The past several months, I have felt that our lives were going in different directions and that maybe we were growing into different people.  Sometimes friends drift apart and then they come back together after a while.  So while life has kept me busy, I've also kept a bit of a distance.  I should have said something months ago, but thought with the actual physical distance between us, time would take its course and there was no need to abruptly end a long friendship.  (Which is what I was trying to avoid.)
--And my personal favorite, uber-condescending golden nugget--
I wish you all the best.  I hope that after you have battled all of this you find yourself and the security in who you are.  I hope all of your emptiness is filled and you can be at peace with yourself.
And that, my friends, is how two straight people break-up from a 10-year friendship.
I continued to get ready for the party that almost wasn’t, considering that almost no one could make it since A) I gave one official weeks notice and B) unbeknownst to me at the time I chose a holiday weekend when most couples decided to take advantage of their Columbus Day Monday off to get the hell out of dodge.
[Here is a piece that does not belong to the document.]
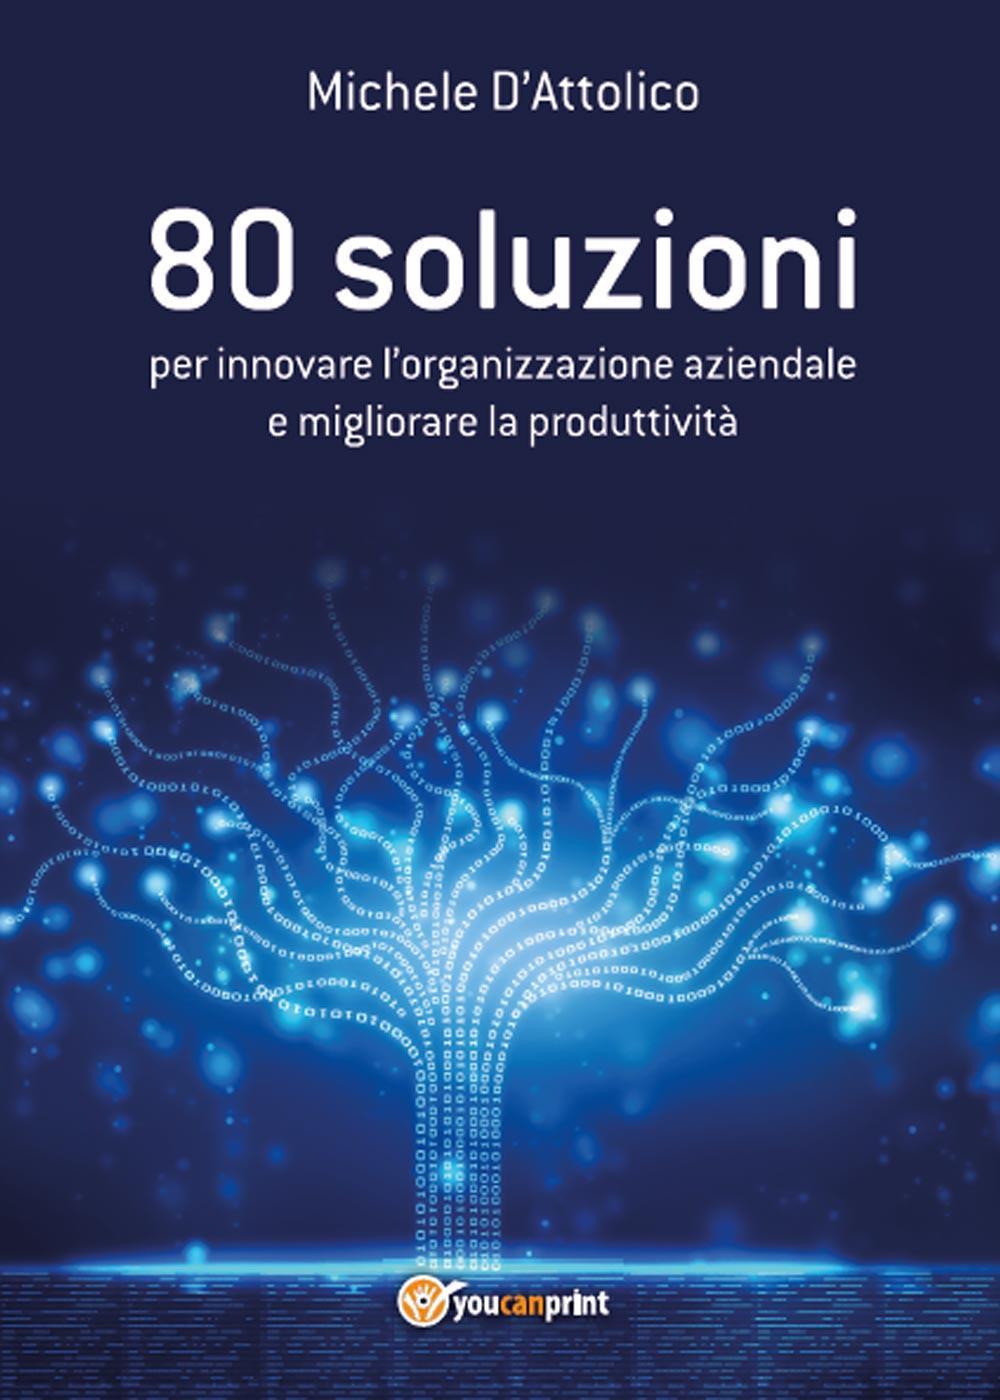 80 soluzioni per innovare l'organizzazione aziendale e migliorare la produttività

Most of my guest list was composed of family in Houston and Dallas (about 10 people), friends in Dallas, Fort Worth, and Austin (about 15 people) and scattered friends in San Antonio (one of which took his young kids to the lake for the weekend, one whose grandmother died on Friday night, one who was committed to a Team in Training event as the team sponsor, and a few who were hosting baby or wedding showers and in Saturday evening weddings). Instead of cancelling, I decided to party on in the spirit of all those who could not attend, which of course meant drinking on their behalf as well.
In maintaining the theme of “find out who your friends are,” here is a friendly FYI: For those of you who don’t know: the host of all Evite invitations can see the date and time you open the invitation. Sooooo……for the three of you who opened and read the invitation and then later said that you didn’t receive it (and I’m not buying any “it must have gotten to someone else” excuses because I’ve used that one before knowing any better) OR just didn’t respond whatsoever, be careful next time you open any Evites. Having said that, I am not offended by that white lie considering I just admitted to having done that myself….instead, I find it somewhat amusing. Most people hosting a party obsess over the guest list and, thus, check the RSVP responses every 30 minutes. Remember that, courtesy of moi.